After a catastrophic wipeout when I was a student at the
University of Oklahoma about 20 years ago (causing me to work 36
hours straight to re-create all my hard work), I created a set of
shell script tools to replace the "rm", "mv", "cp", etc... programs
with something that would use a "~/.Trash" directory and then
compress the files, etc.... When I first created these scripts, they
were very popular, and widely used by the student community. IIRC, I
posted a fairly final version of those scripts to comp.sources.*.
ECN staff had a disagreement with me over these tools, thinking
it unwise for people to get used to the "new" behaviour, which might
lead them to get seriously screwed when they used "rm" somewhere else
and it didn't act in the way they expected.

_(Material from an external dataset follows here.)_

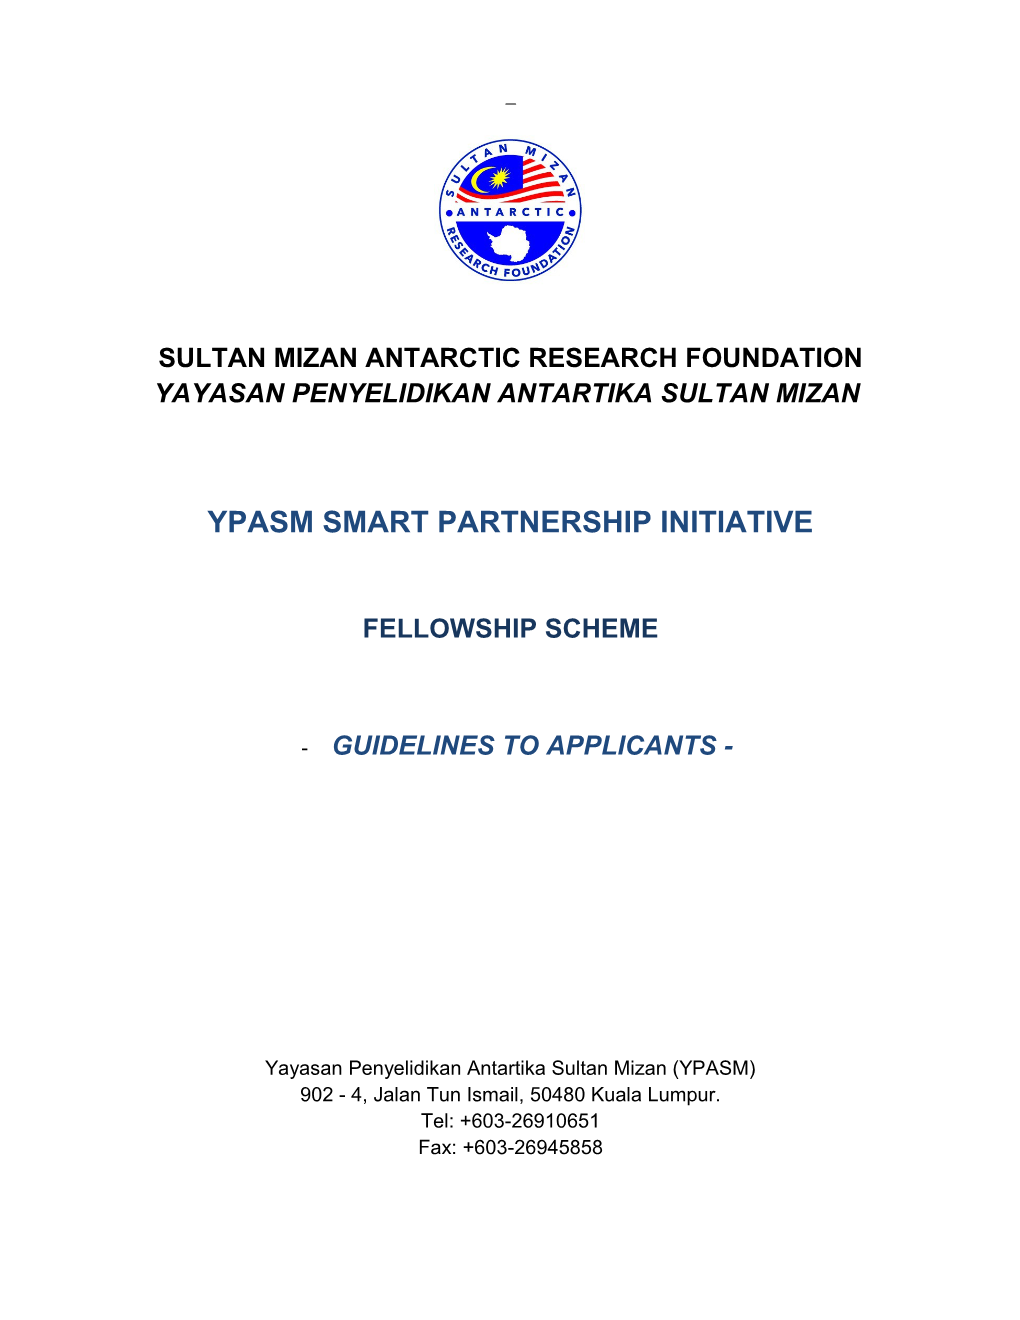 Sultan Mizan Antarctic Research Foundation

However, it wasn't until
after I had another massive wipeout (this time using vi to write a
file into the wrong filename), that I decided that I agreed with them.
So, I removed the scripts from my bin, although others could
always go to the newsgroup archives and pull down their own version
if they wanted. I don't think anyone did.
If you really want to make something like this work, you have to
cover all possible avenues of destruction, not just creat(),
unlink(), and rename routines. Introduce a real filesystem
versioning scheme, and I would gladly welcome your work.
But please don't violate POLA, and please don't help to create a
different set of user expectations that would cause users to get
seriously hurt if/when they're on another OS.
--
Brad Knowles, <brad.knowles at skynet.be>
"They that can give up essential liberty to obtain a little temporary
safety deserve neither liberty nor safety."
-Benjamin Franklin, Historical Review of Pennsylvania.